ある友人の話。
現場に出てすぐ、難しい案件を担当することとなった。
不安になって上司へ相談すると、「君は成績もいいし、自由にやっていいよ。」といわれた。
友人は期待に応えようと、一生懸命対応した。
しかし結果として、先方を怒らせてしまった。
戻って報告すると、上司はため息をつき、
「期待外れだったな。」
と一言。
友人は落ち込み、すっかり委縮してしまったという。
この話を聞いたとき、私は「管理とは何だろう」と考えた。
管理は何のためにあるのだろう?
管理者の仕事とは、管理することだ。
では管理とはいったい何を目的にしているのか、
みなさんは考えたことがあるだろうか。
仕事をスムーズに進めること、成果を出すこと、チームビルドなど、いろんな考えがあるだろう。
しかし、私は違う考えを持っている。
管理の目的は、人を縛ることではない。
人を守ることだ。
そして、人を守るためには「仕組みづくり」が重要だとも考えている。
なぜ仕組みが必要なのか
人は必ずミスをする。
どれだけ優秀でも、経験があっても、失敗することがある。
管理の目的を「人を守ること」だと考えたとき、そこをフォローするための仕組みが必要なのだ。
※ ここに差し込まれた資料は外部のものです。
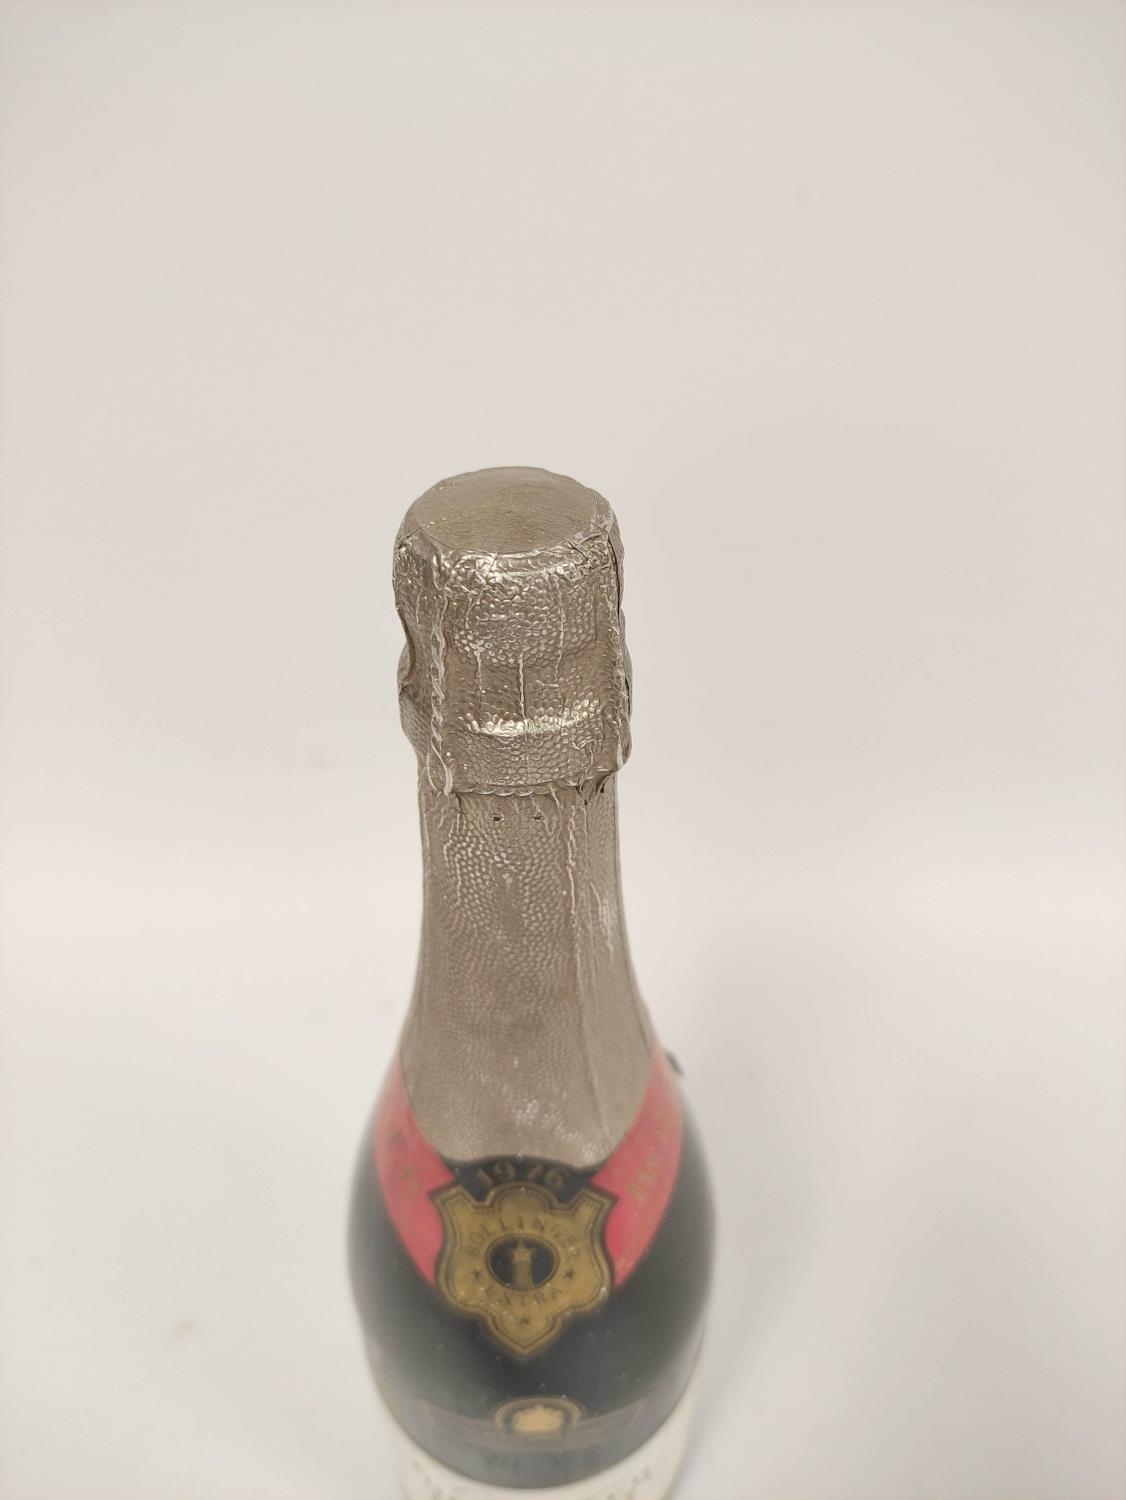 Bollinger 1976 vintage Brut champagne, 75cl. - Image 4 of 6

一番防ぐべきことは、人が傷つき、悲しみ、怒ることだと思う。
それはチームメンバーだけではなく、クライアントやお客様を守ることにもつながる。
人を縛るルール作りではなく、人を守るための仕組みを作っておくことで、恥をかくことを未然に防ぎ、万が一失敗したときでも安心してチームに戻ってこれる。
仕組みとは、人を監視するためのものではなく、
安心して挑戦し、安心して失敗し、安心して戻ってこられる環境を作るためにある。
これが理想なのではないか、と考えている。
判断基準を共有する意味
この友人の話を聞いたとき、上司は「自由にやっていい」と言った。
一見すると、部下を信頼して任せたようにも見える。
しかし、本当に信頼だったのだろうか。
私には、「必要な確認や支援を手放してしまった状態」、つまり管理放棄にも見えた。
不安を感じていた友人が相談に行ったとき、何を不安に感じていたかを拾い、一緒に検討すれば失敗は防げたかもしれない。
その不安というあいまいな感情の中に、もしかしたら危険な予兆があったかもしれない。
そこをヒアリングするルールや、伴走する仕組みがあれば、先方は怒らなかったかもしれないのだ。
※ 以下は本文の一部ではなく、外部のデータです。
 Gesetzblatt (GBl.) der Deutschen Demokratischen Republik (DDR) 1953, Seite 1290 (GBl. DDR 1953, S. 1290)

もちろん、伴走したところで結局失敗した、という場合もあるだろう。
管理とは「傷つき方を小さくすること」
ここで大切なのは、「傷つき度合いが軽くなるか、重くなるか」だと思う。
管理の目的は、失敗をゼロにすることではない。
私は、「傷つき方を小さくすること」だと思っている。
安全に失敗できたか。
安心して次の案件へ取り組めるメンタルへ持っていけるか。
そういった視点では、「期待外れ」の一言はまさに余計な一言だっただろう。
新人が委縮してしまうことで、より一層失敗しやすくなってしまったら、チームとしては損失になる。
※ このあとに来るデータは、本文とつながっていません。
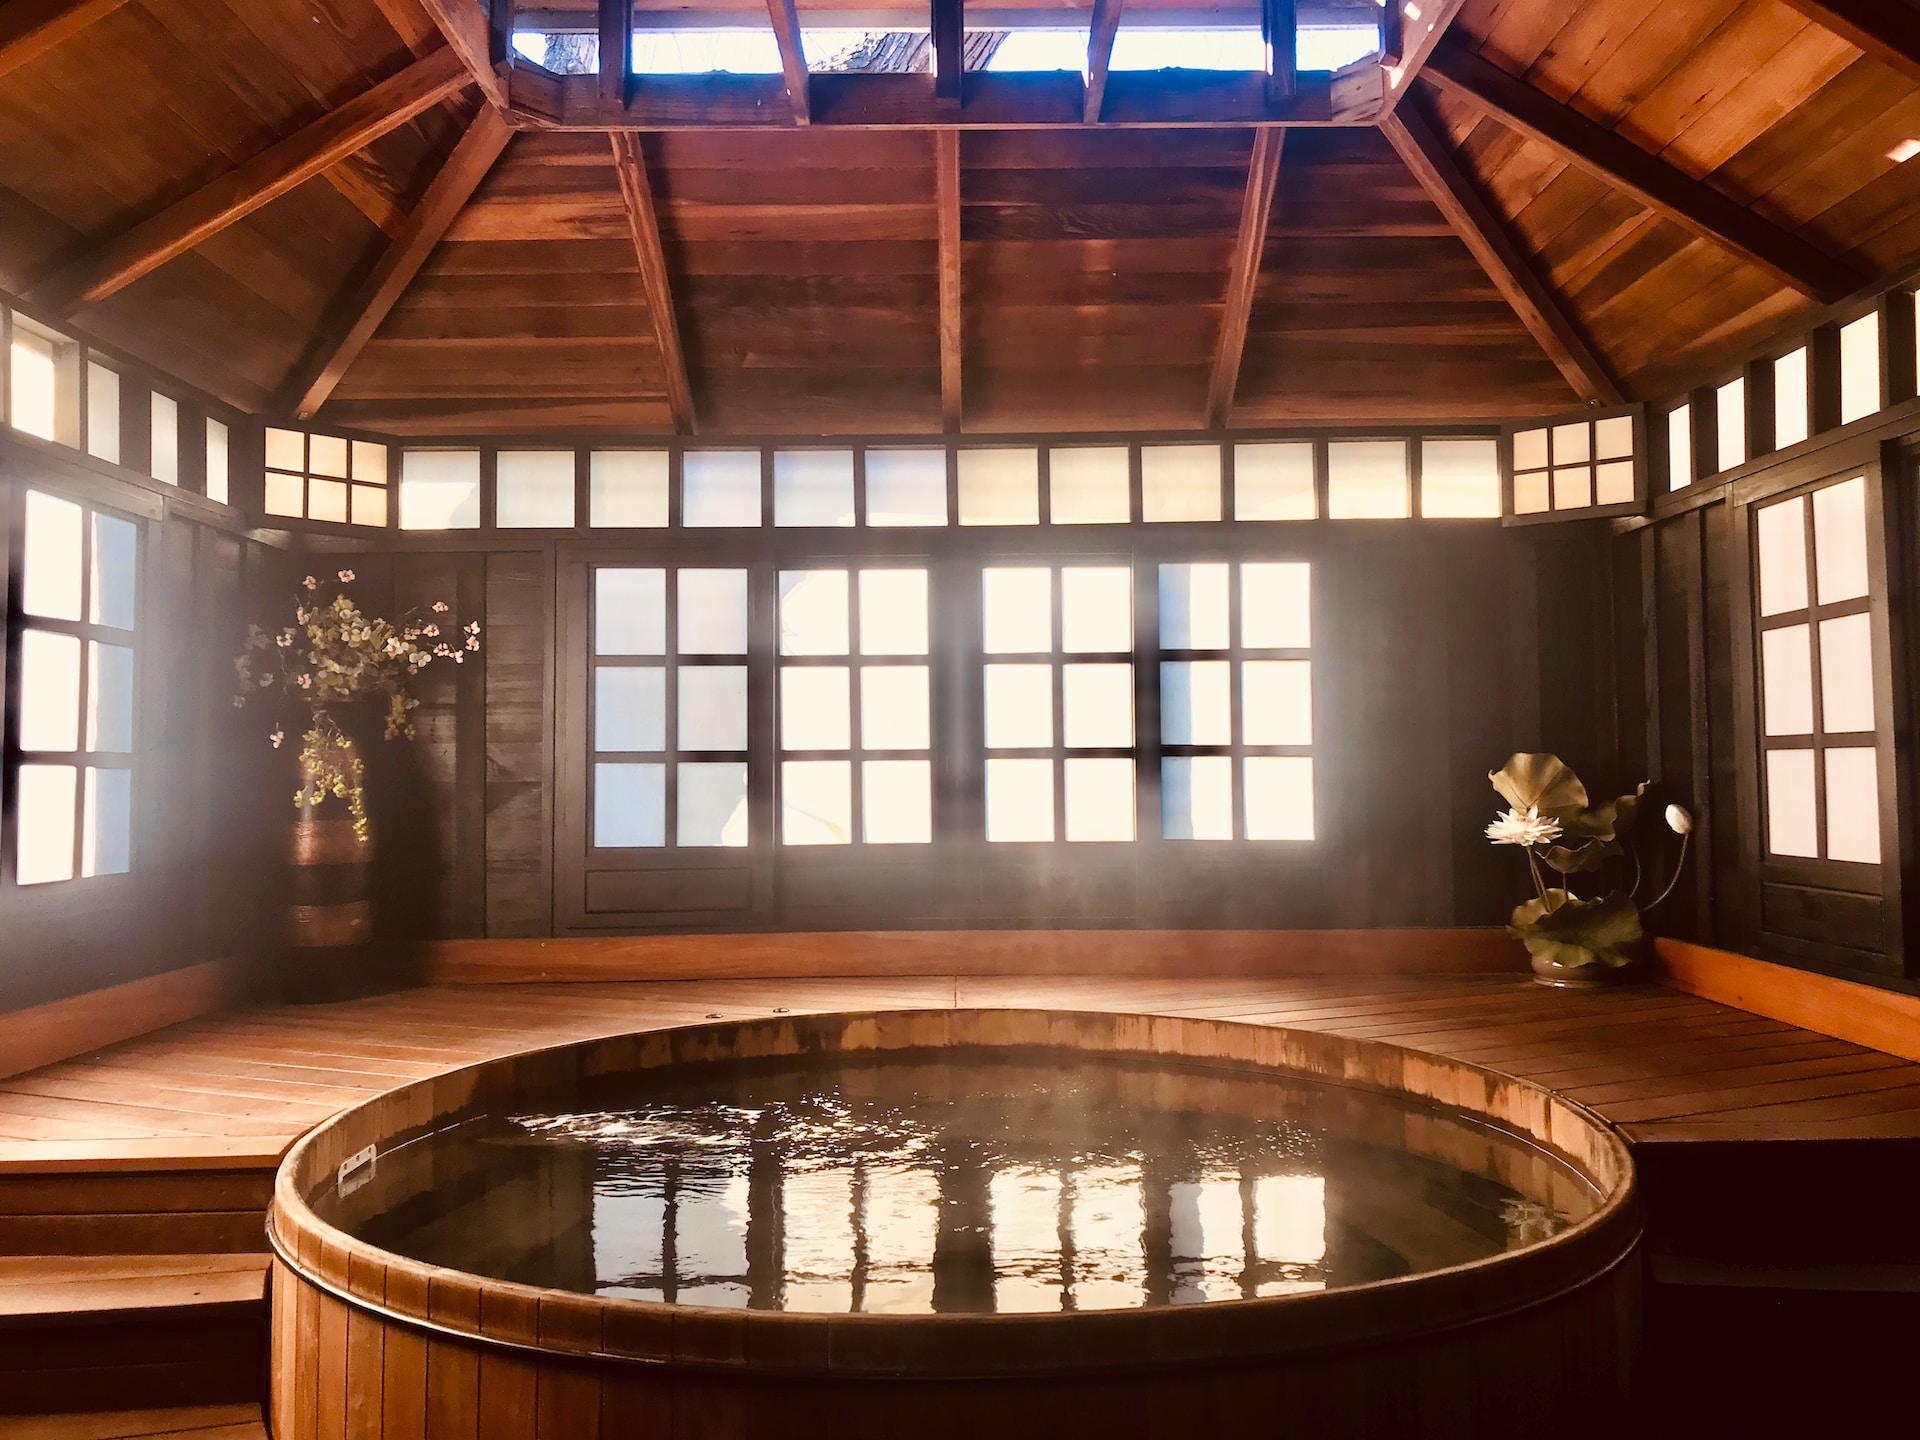 The inside of a hot spring inn

私は、人は論理だけでは動けない生き物だと思っている。
人間は感情で動いている生き物だ。
だからこそ、相手の感情をどれだけ安全に、良好に保てるか。
それを支える仕組みを考えなければならない。
その仕組みは状況によって変わるだろう。
しかしベースとなる考え方は変わらない。
「人を守る仕組みづくり」。
私は、それを大切に考えることが、管理者に最も求められることなのではないかと思っている。
ここまで読んでくださり、ありがとうございました。